Don Shy

No. 25, 28, 24, 31
- Position: Running back

Personal information
- Born: November 15, 1945 Cleveland, Ohio, U.S.
- Died: October 26, 2006 (aged 60) Bellefontaine, Ohio, U.S.
- Listed height: 6 ft 1 in (1.85 m)
- Listed weight: 210 lb (95 kg)

Career information
- High school: Pomona (CA) Ganesha
- College: San Diego State
- NFL draft: 1967: 2nd round, 35th overall pick

Career history
- Pittsburgh Steelers (1967–1968); New Orleans Saints (1969); Chicago Bears (1970–1972); St.
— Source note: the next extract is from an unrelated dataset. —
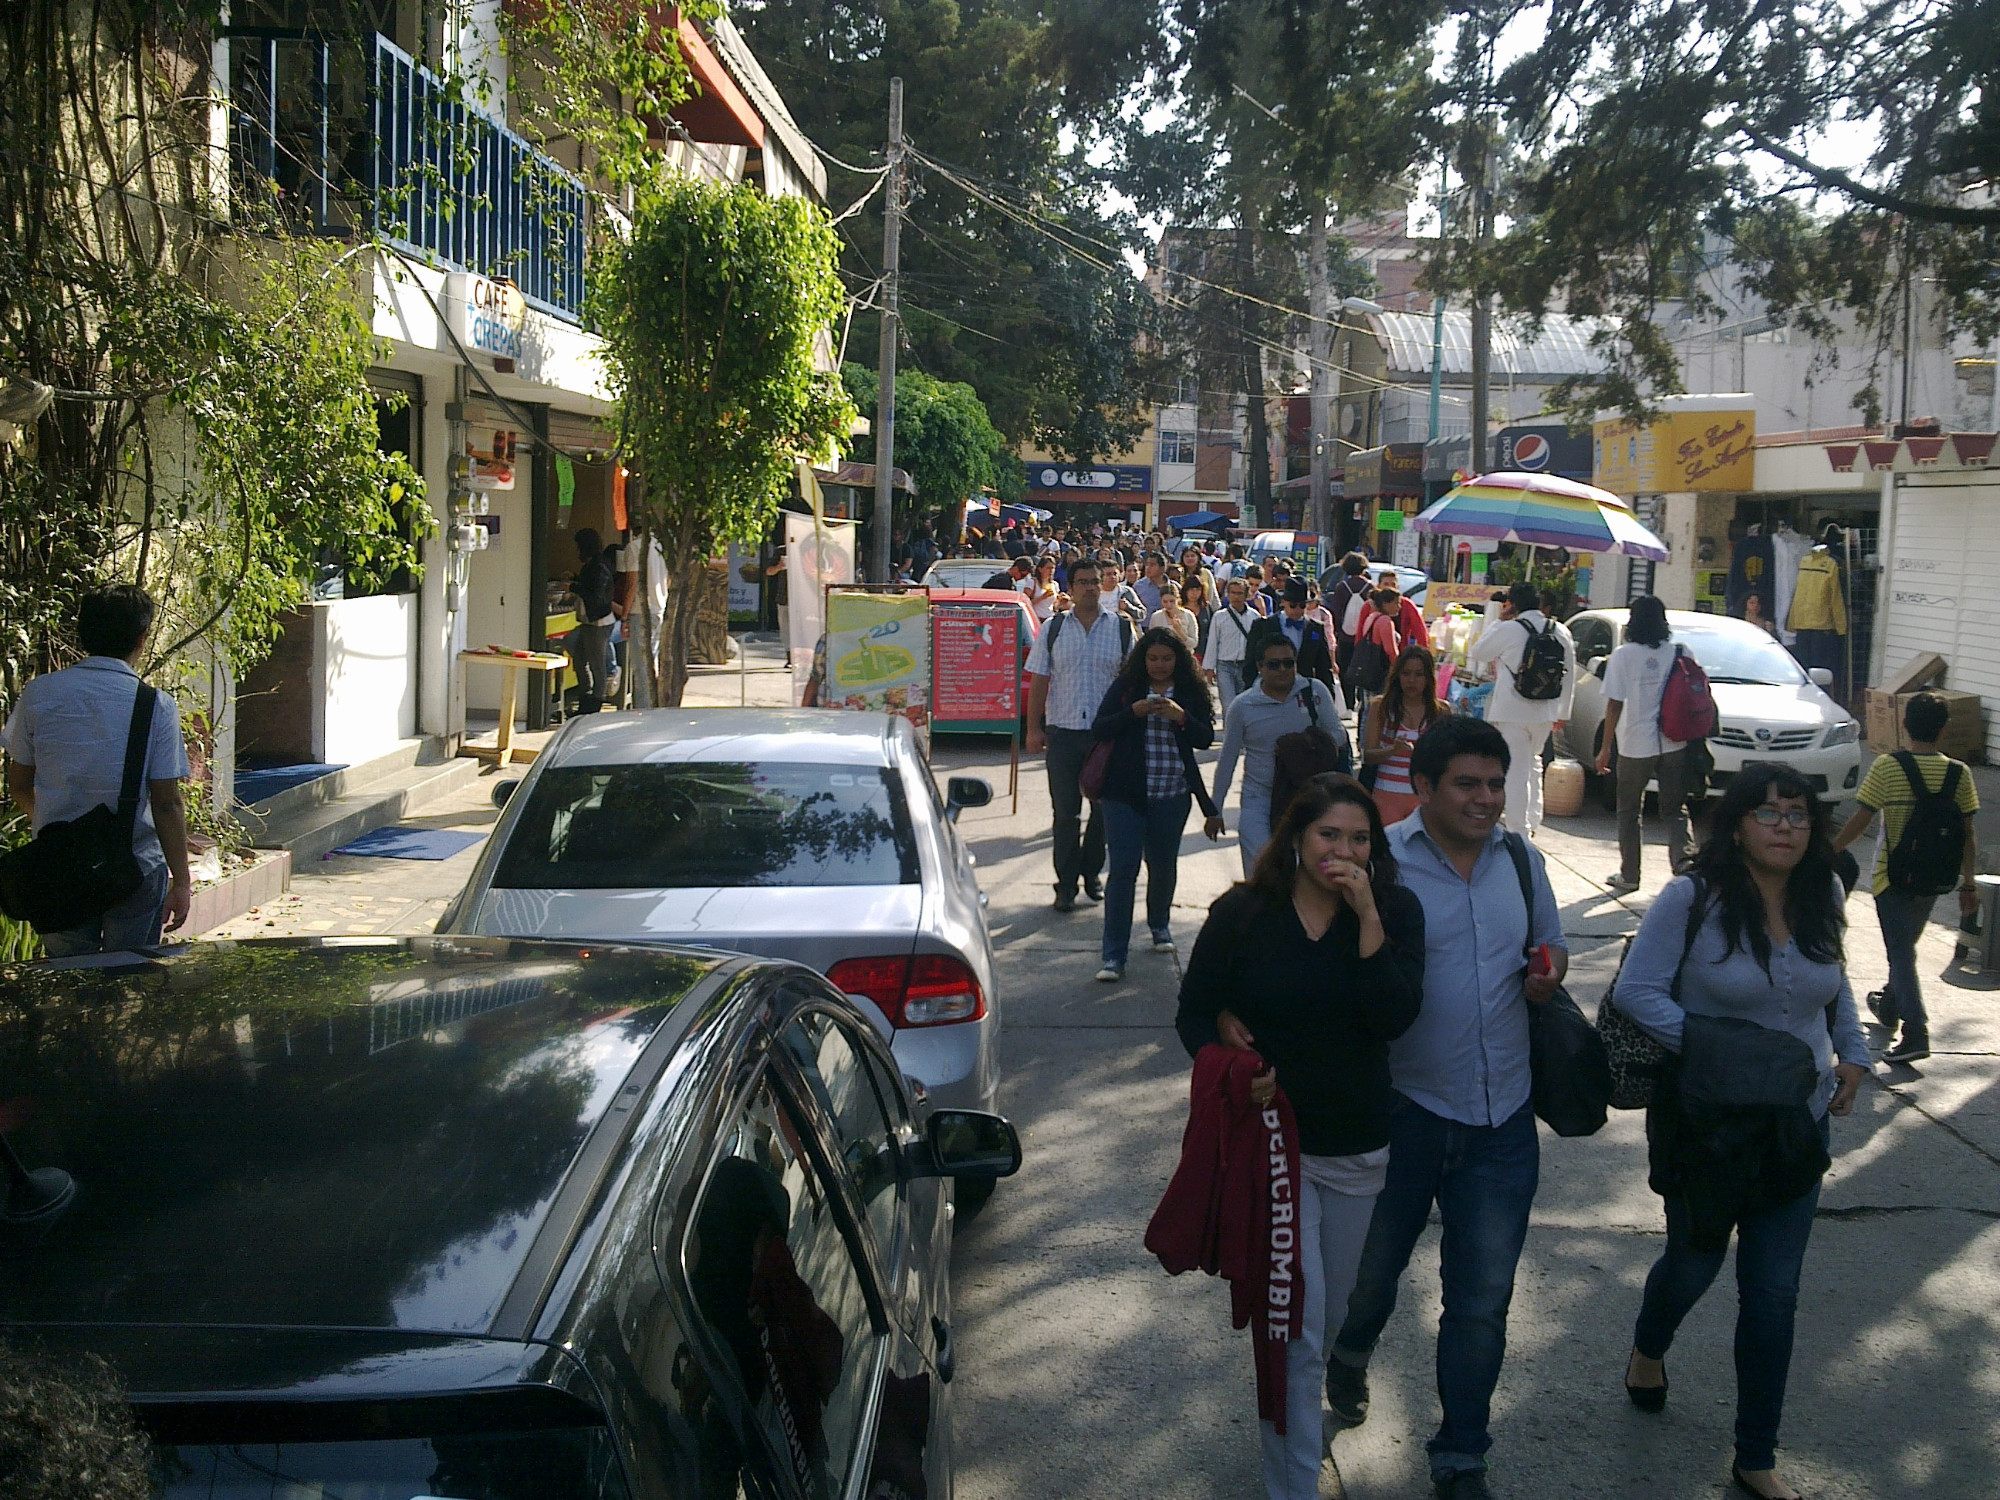 Copilco, Mexico City

Louis Cardinals (1973); Southern California Sun (1975);

Career NFL statistics
- Rushing yards: 1,577
- Rushing average: 3.5
- Receptions: 76
- Receiving yards: 835
- Total touchdowns: 14
- Stats at Pro Football Reference

= Don Shy =

American football player and hurdler (born 1945)

Donald Frederic Shy (November 15, 1945 – October 26, 2006) was an American professional football player who was a running back for seven seasons with the Pittsburgh Steelers, New Orleans Saints, Chicago Bears, and St. Louis Cardinals of the National Football League (NFL). He played college football for the San Diego State Aztecs.

Shy also ran track and field while at San Diego State University, as well as Mt. San Antonio College. He was inducted into the Mt. SAC Athletics Hall of Fame in 1993. He ran his personal best 13.61 in the 120 yard hurdles while taking second place at the 1966 AAU National Championships ahead of future world record holder and NFL player Earl McCullouch.